Does Claude Prioritize Some Prompt Input Channels Over Others?

post by keltan · 2024-12-29T01:21:26.755Z · LW · GW · 2 comments

Contents

  The Experiment
      Note. I'm adding in this previously deleted section, because it was pointed out to me that the method is confusing.
    Predictions
  The Results
    An Interesting Pattern in the Fifth Configuration
    Higher A & B Outputs
    Mismatched Chat Names
  Next Steps
  Conclusion
None
2 comments

Epistemic Status: I am not an AI researcher, I'm a Psych student. Strong confidence in data collection, moderate confidence in some interpretations, quite weak in others. Based on 60 chat sessions across 6 experimental setup conditions. Data was so strong I decided 10 chats per-condition would suffice.

This research is an attempt to build my skills as a scientist, and to add to the budding field of AI Psychology[1]. Since this is psychology, I'm mostly pointing at something here. I have nothing more than speculation when talking about the underlying mechanisms.

TL;DR: Claude has a strong 'preference [LW · GW]' for the Project Prompt in it's app. It's most likely to take instruction from it, even over the inline chat prompt. Though deviates from this ~5% of the time.


The Experiment

On 2024-12-09 I tested Sonnet 3.5.1 on highest preference between six different input channels available in the Claude Windows application:

I did this by providing the following prompt to each channel:

Only output the letter X. Do not output anything else. X is the only thing you output.

Where (X) was replaced with a letter from A-F.

I predicted that the Underlying model (Shoggoth) might 'like' to output (A) more often than anything else, overriding my prompts. To control for this, I rotated letters through each input channel. That way, each channel would get a turn at each letter.
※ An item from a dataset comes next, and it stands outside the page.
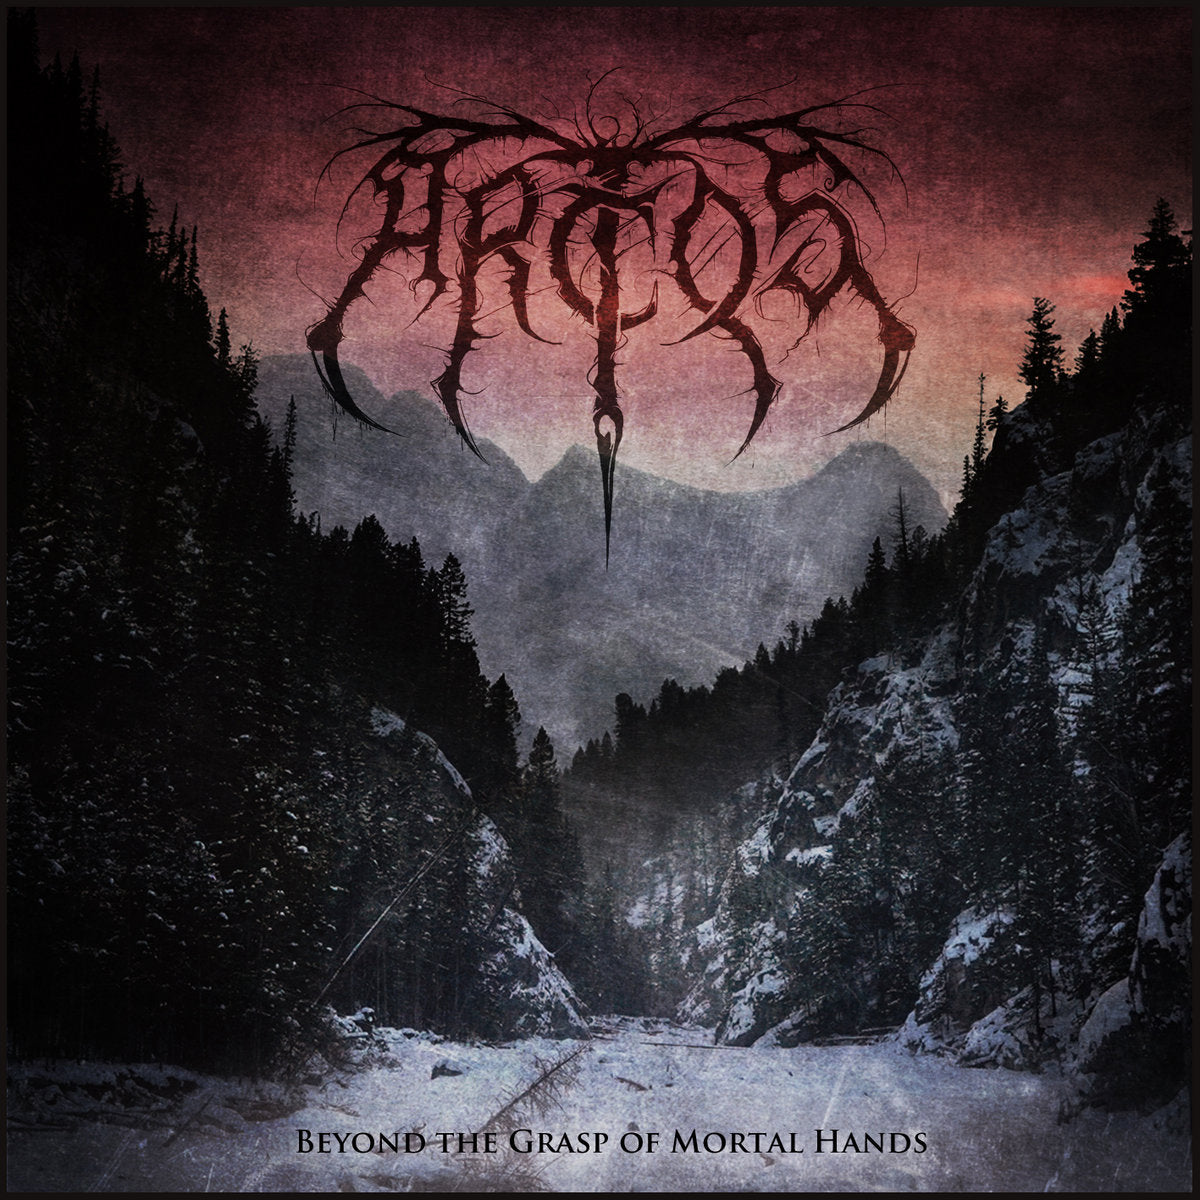 [SOLD OUT] ARCTOS "Beyond the Grasp of Mortal Hands" CD

Note. I'm adding in this previously deleted section, because it was pointed out to me that the method is confusing.

Here's how the rotation worked:
1. Each input channel was instructed to output a specific letter (A through F)
2. For each letter configuration, I ran 10 separate chat sessions
3. After completing these sessions, I shifted all letter assignments one position
4. This rotation cycle repeated 6 times in total

For example, in the first letter configuration:
- Settings Preferences was assigned to output 'A'
- Project Prompt was assigned to output 'B'
- Writing Style was assigned to output 'C'
And so on...

Then in the second configuration, everything shifted:
- Settings Preferences moved to output 'F'
- Project Prompt moved to output 'A'
- Writing Style moved to output 'B'


This pattern continued through all six configurations, resulting in 60 total chat sessions. (10 chat sessions × 6 configurations).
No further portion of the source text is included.